Labor unions are sponsoring digital and broadcast adverstising designed to stimulate public opposition to a Trump administration proposal that could lead to privatizing the U.S. Postal Service. The ad shows a man so frustrated with privatized service that he smashes his mailbox with a sledge hammer. (American Postal Workers Union and National Association of Letter Carriers)

Going on the offensive before President Trump lands his punch, postal employee unions are launching a national advertising campaign against the possibility he will move to privatize the U.S. Postal Service.

The American Postal Workers Union (APWU) and the National Association of Letter Carriers (NALC) are sponsoring television and digital ads designed to stoke public opposition to a plan the Trump administration outlined in June. Details of the plan, announced in a larger governmental reorganization proposal dubbed “Delivering Government Solutions in the 21st Century,” are expected soon.

It’s not certain that privatization will be the administration’s favored solution, but the postal unions want to stop consideration of any solution leading to postal privatization.

The ad shows postal customers frustrated with poor service under a privatized system. One customer beats his rural roadside mailbox with a sledgehammer, and then a smiling postal worker is shown delivering a package under the current system.

“Tell your member of Congress, ‘No way,’” the announcer says. “The U.S. Postal Service. Keep it. It’s yours.”

A Trump executive order in April established a task force to evaluate the money-losing Postal Service. Its operations, beleaguered with bureaucratic obstacles, are funded by sales of postage and services, not tax dollars. A report by the task force, led by Treasury Secretary Steven Mnuchin, is expected by year’s end.

The unions want to frame the debate before the administration does.

“Selling of the Postal Service would be a gift to Wall Street and a setback to everyone in this country who receives mail,” APWU President Mark Dimondstein said. “This is the people’s post office, older than the nation itself, enshrined in the Constitution, with the highest favorability rating of any federal agency. We need to send a clear message to the White House that the U.S. mail is not for sale.”

The ad will start on social media and other digital platforms, then move to broadcast. The broadcast buy isn’t finalized, but labor leaders expect the bill to exceed $100,000. This is part of a larger effort to block a privatization plan before one is issued. In October, there were events in 150 cities, according to union figures. Many of those generated media attention to the administration’s plan and reasons to oppose it.

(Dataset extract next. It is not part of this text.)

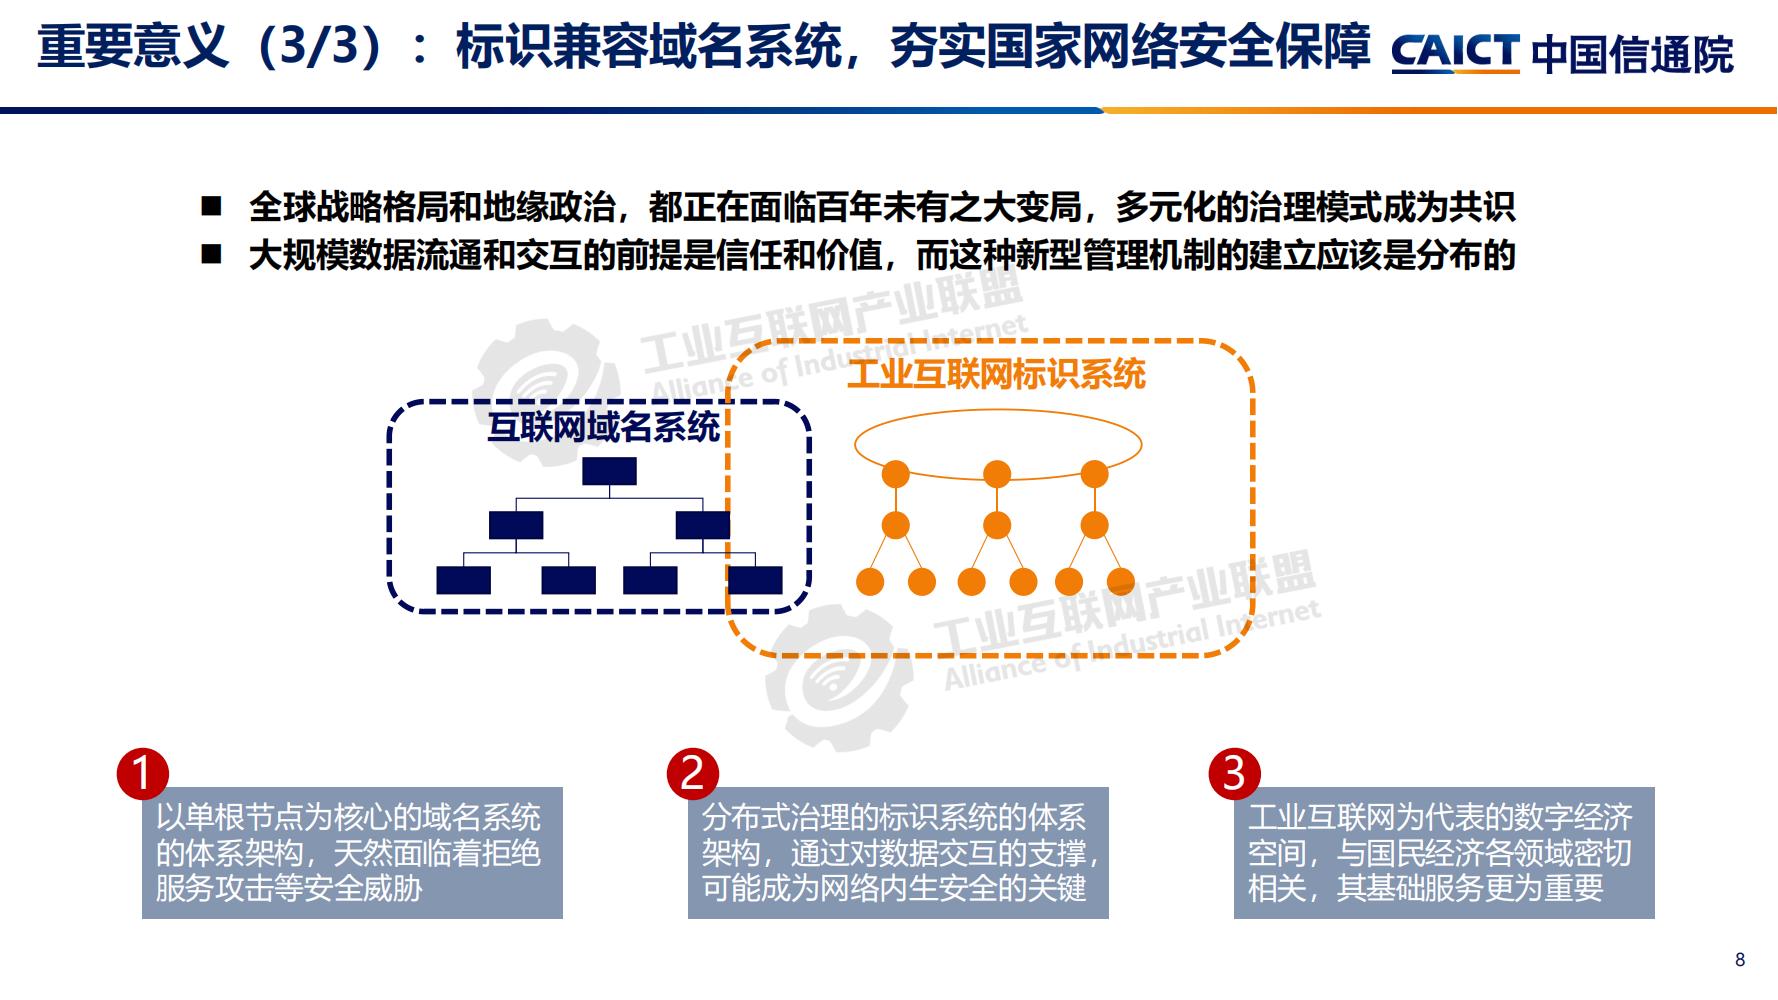 4-工业互联网标识解析体系建设进展（深圳）12-16(1)-水印_07.jpg

A Treasury Department statement said, “Preliminary findings were presented to the President in August, and we are working towards releasing the full report by the end of the year.”

Trump’s restructuring plans call for USPS “to return it to a sustainable business model or prepare it for future conversion from a Government agency into a privately-held corporation.” While presenting privatization as an option, Trump’s proposal leaned in that direction. There was no attempt to hide that taking USPS private would take service, including door-to-door delivery, away from customers.

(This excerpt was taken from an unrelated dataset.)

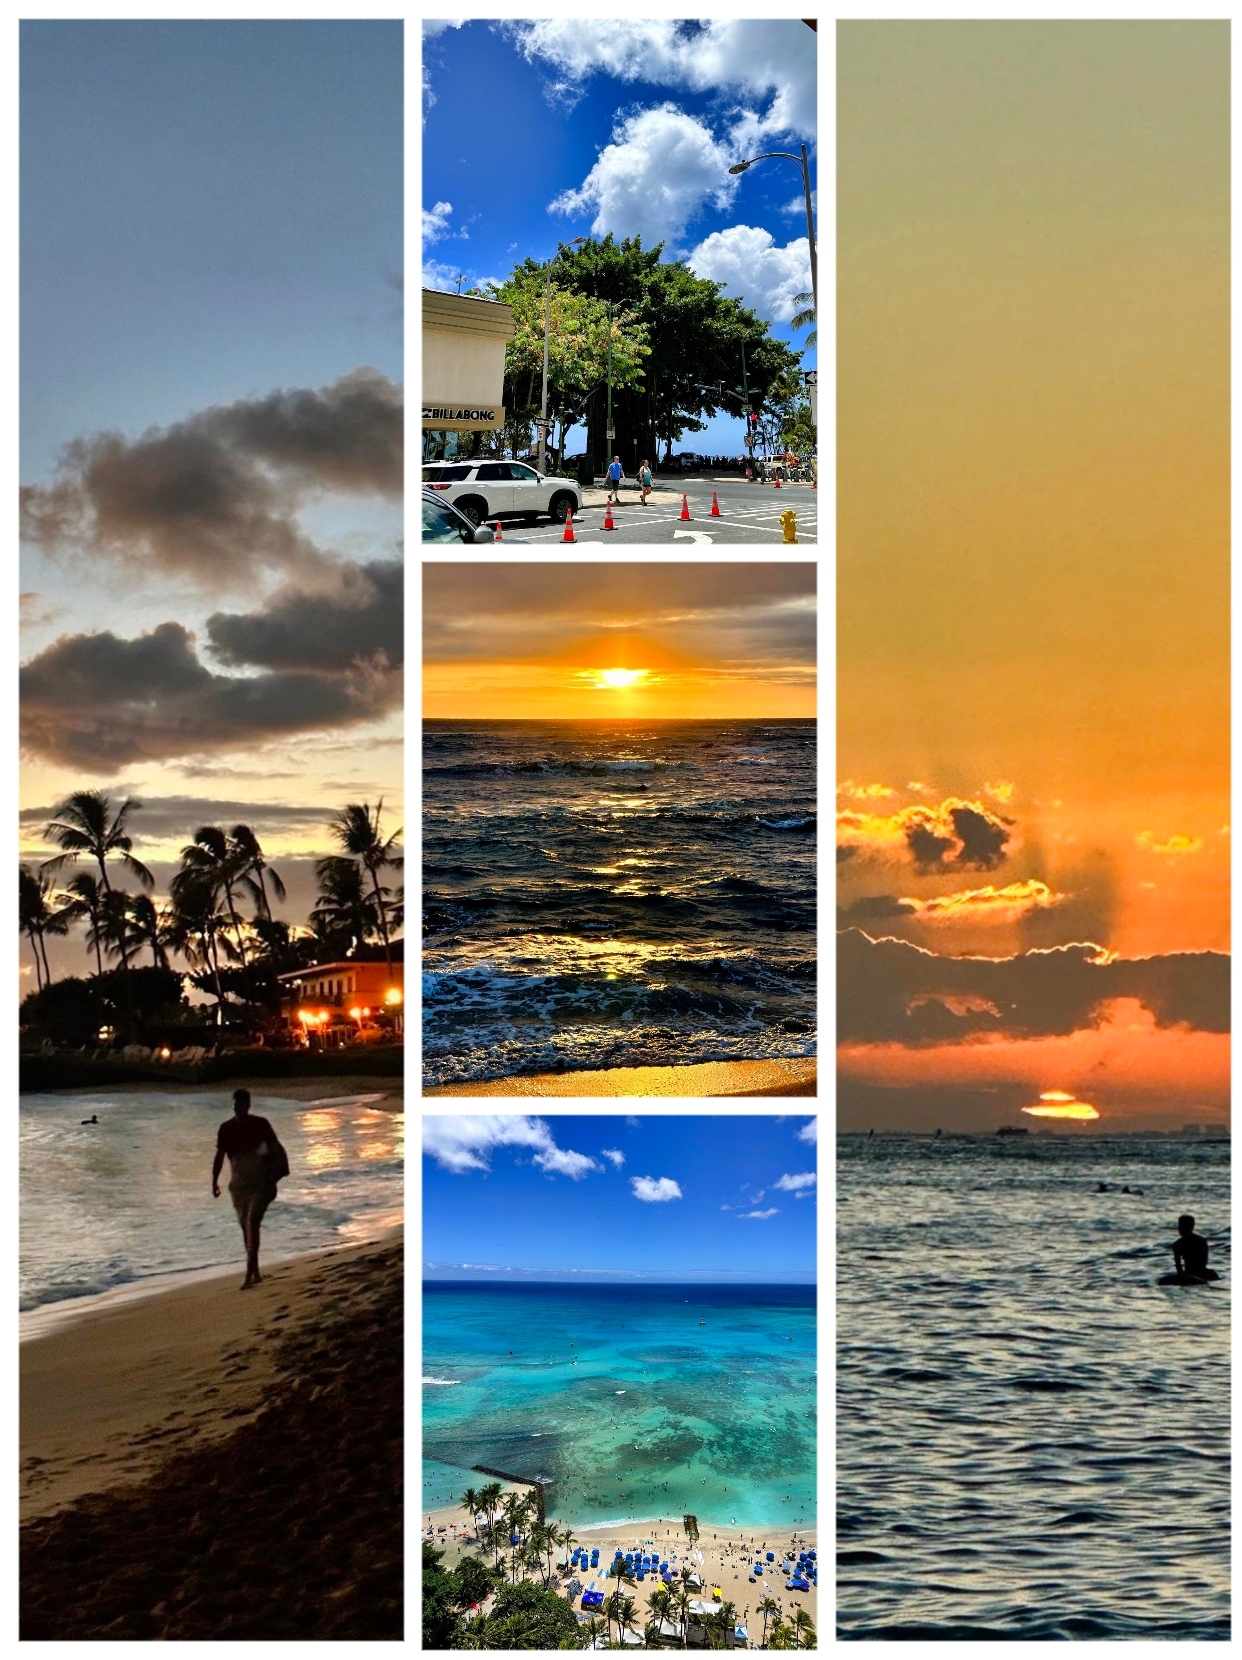 夏威夷是一个拥有美丽海滩、丰富文化和多样活动的热门旅游目的地。带你体验夏威夷的几个主要岛屿。以下是一

“A private postal operator that delivers mail fewer days per week and to more central locations (not door delivery) would operate at substantially lower costs,” the document acknowledged.

The impact on rural areas would be particularly hard, according to NALC President Fredric Rolando. “Rural communities are having a hard time competing due to high transportation costs and a lack of broadband services,” he said. “Eliminating the universal service requirement would be the kiss of death for many businesses and individuals in these areas.”

Not only would customers pay more for less, but postal employees also would probably have their compensation cut.

“A private entity would also have greater ability to adjust product pricing in response to changes in demand or operating costs,” the administration’s report said. “Freeing USPS to more fully negotiate pay and benefits rather than prescribing participation in costly Federal personnel benefit programs, and allowing it to follow private sector practices in compensation and labor relations, could further reduce costs.”

Everyone wants USPS to have a sustainable business model, though opinions on how to make that happen differ. Opposition to a privatized Postal Service is strong on Capitol Hill.

“The administration’s hopes and plans to privatize the Postal Service is not based in political reality. More than 239 members of Congress have come out in opposition to privatization of the Postal Service,” said Rep. Gerald E. Connolly (Va.), the top Democrat on the House government operations subcommittee. “Instead of pursuing this damaging and eventually fruitless exercise, the administration should work with Congress to fix the problems facing the Postal Service.”

Sen. Ron Johnson (R-Wis.), chairman of the Homeland Security and Governmental Affairs Committee, was noncommittal. Asked for comment, his staff provided a vague one from a hearing in April, before the administration issued the reorganization plan.

“We need to understand what it is going to take to make the postal system a long-term, economically viable organization, which it is not today,” Johnson said then. Pressed for more, his spokesman added: “That is still his position.”

That’s really no position. But he’ll have another opportunity soon, when Trump’s task force makes the administration’s position clear.